“My Country”: How Saudi Arabia is Undermining Women’s Newfound Right to Vote

Saudi women have begun registering to vote for December’s municipal elections, a development that the international press has greeted with extensive, and mostly positive, coverage. Yet, while the Saudi government welcomes glowing descriptions of its slow yet steady progress in advancing women’s rights, its actual reforms remain superficial. Saudi authorities are doing everything within their power to ensure that women do not build a democratic culture—one which promotes equal civic participation for men and women—around their new right to vote. Nowhere is this more apparent than in the government’s halting of women voter education courses run by the Baladi (or “my country”) Initiative.

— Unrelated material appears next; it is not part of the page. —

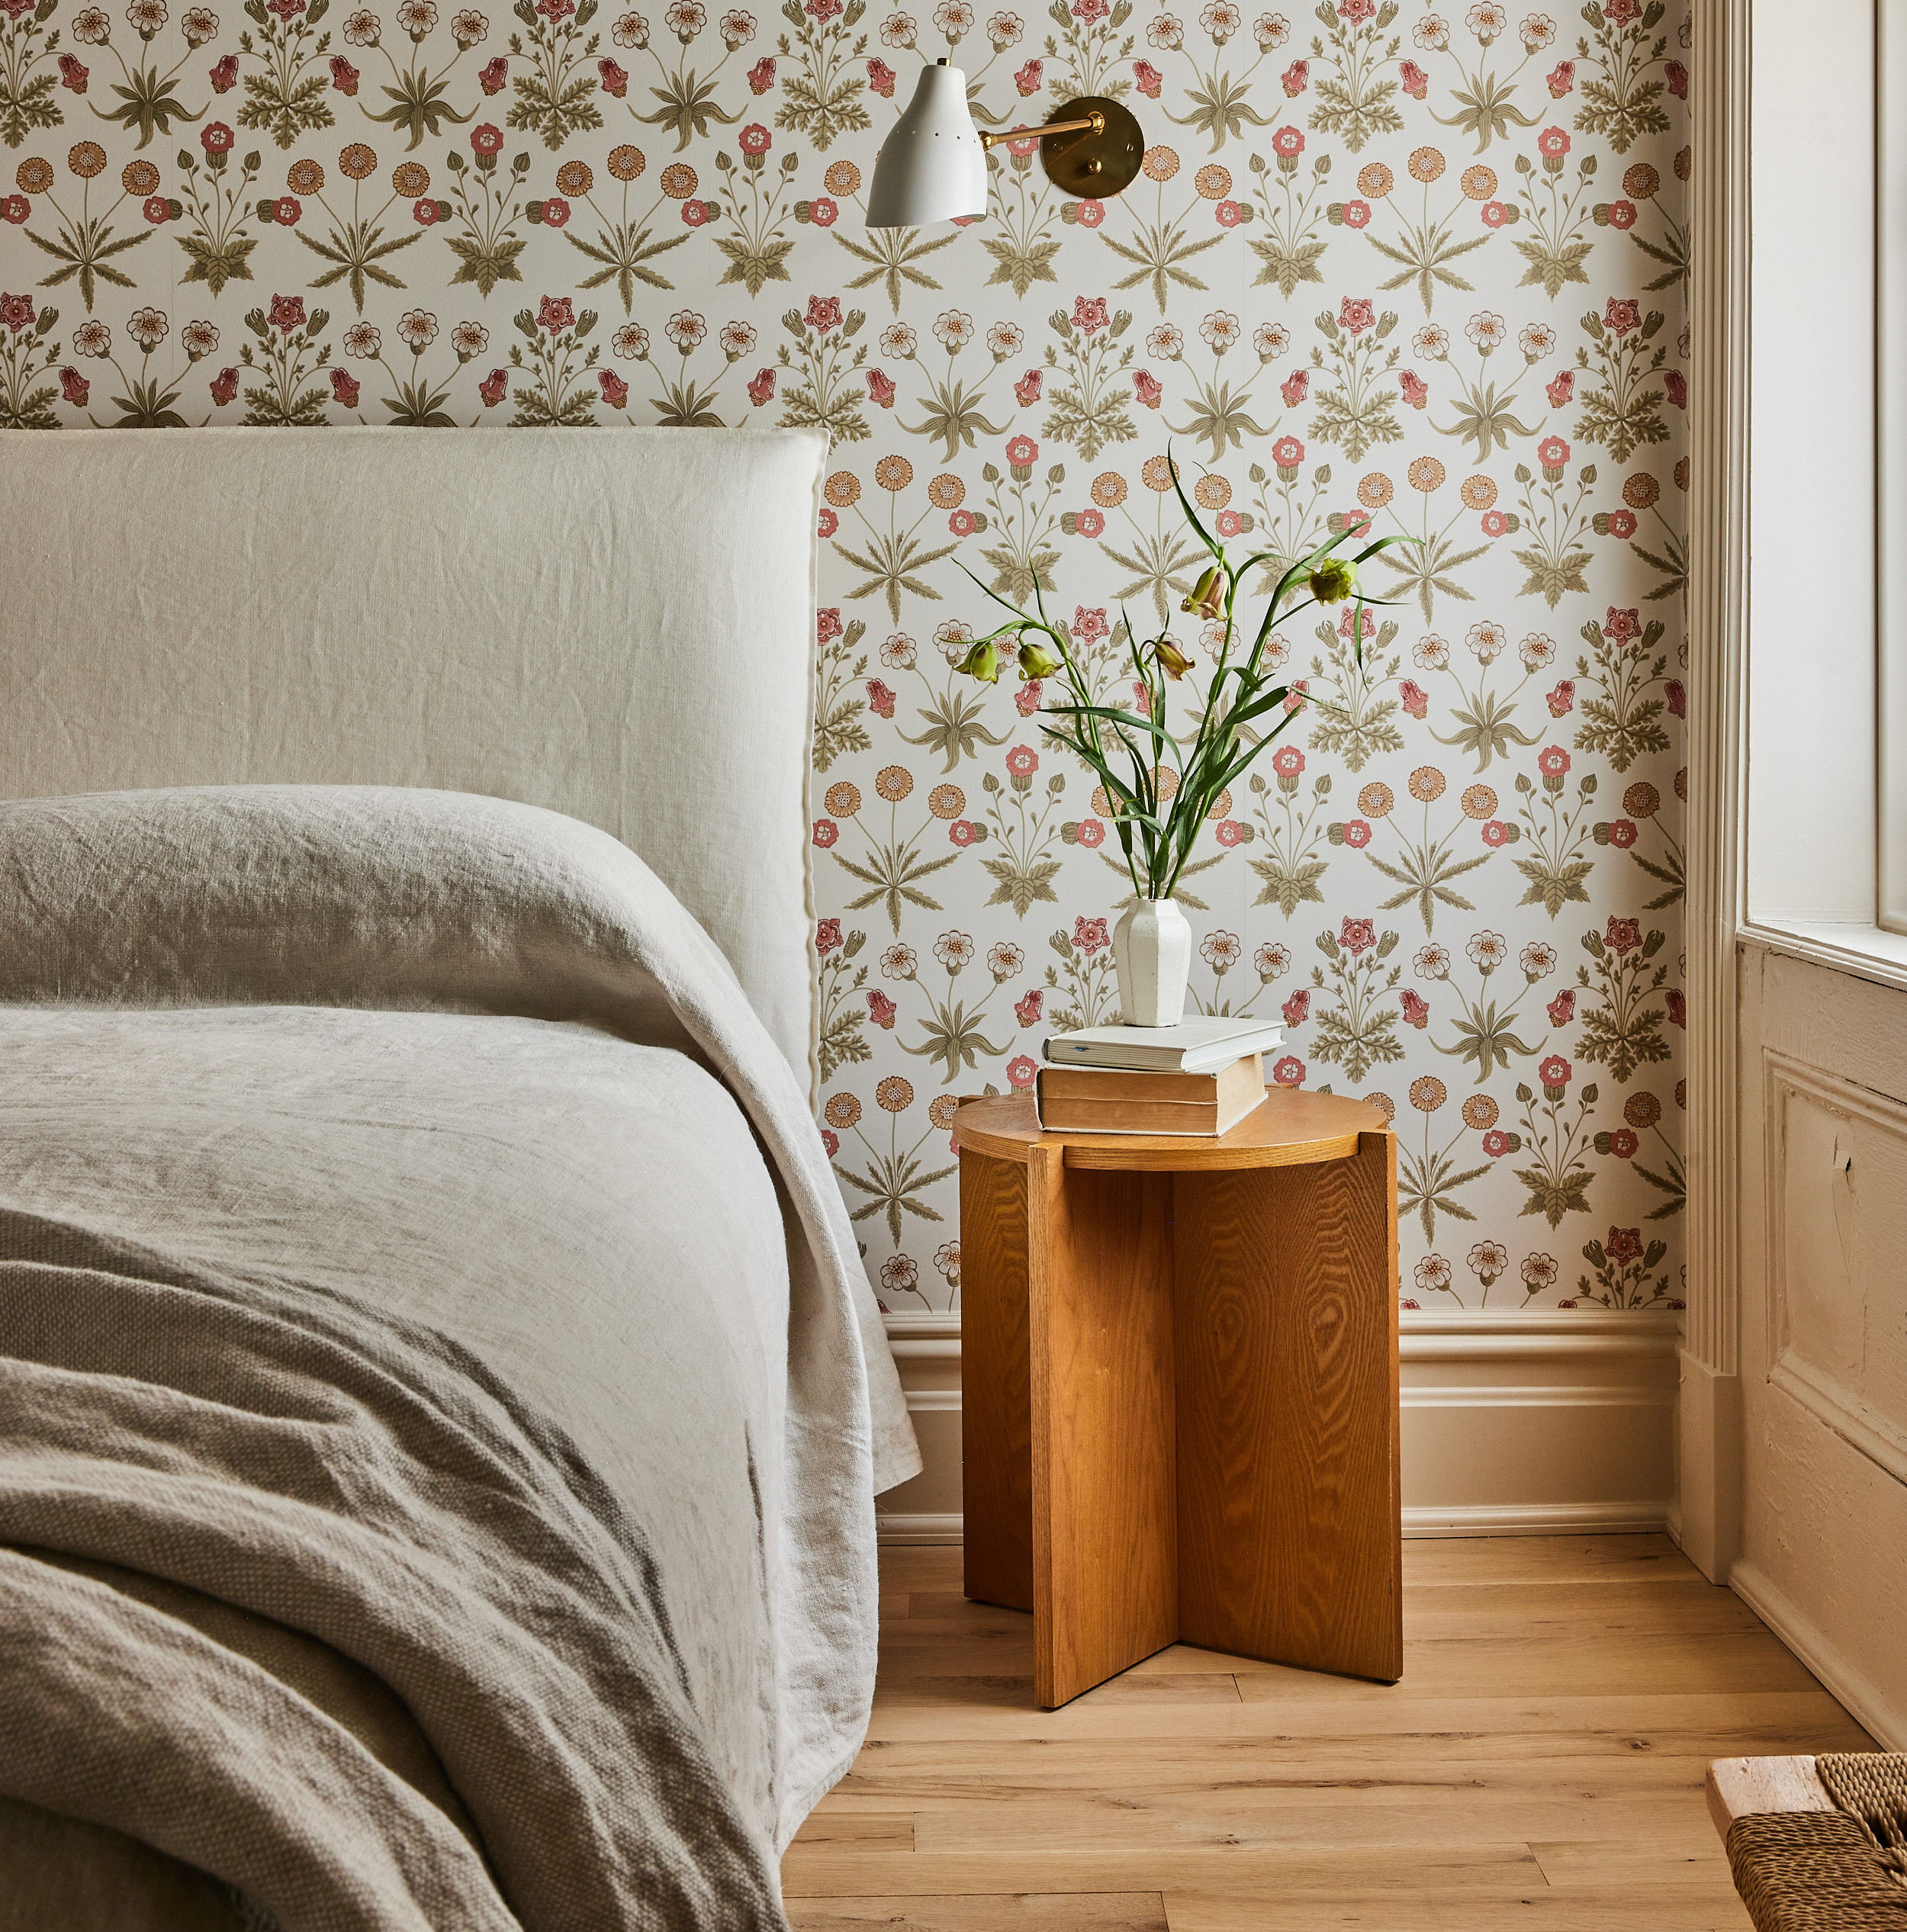 a bedroom with a bed, nightstand, and flower wallpaper

In preparation for Saudi’s upcoming elections, the Baladi Initiative provided a forum for women, whom authorities have typically shut out of civil society, to learn about the electoral process. The Saudi daily Al-Hayat reported that Saudi Arabia’s Ministry of Municipal and Rural Affairs (MOMRA) facilitated the closure. And in doing so, the MOMRA, a seemingly mundane bureaucracy focused on infrastructure and urban planning, signaled its complicity in a patriarchal system intent on barring women from the political sphere.

The ministry had previously intimated that it would not interfere in women’s civil society efforts around the vote. In 2014, the Minister of Municipal Affairs, Prince Mansour bin Miteb, “confirmed that ‘women have the right to contest the elections just like men, without facing any discrimination,” and that “the arrangements and regulations governing women’s participation in the civic elections will be in compliance with Islamic Shari’a law and international standards of gender equality.”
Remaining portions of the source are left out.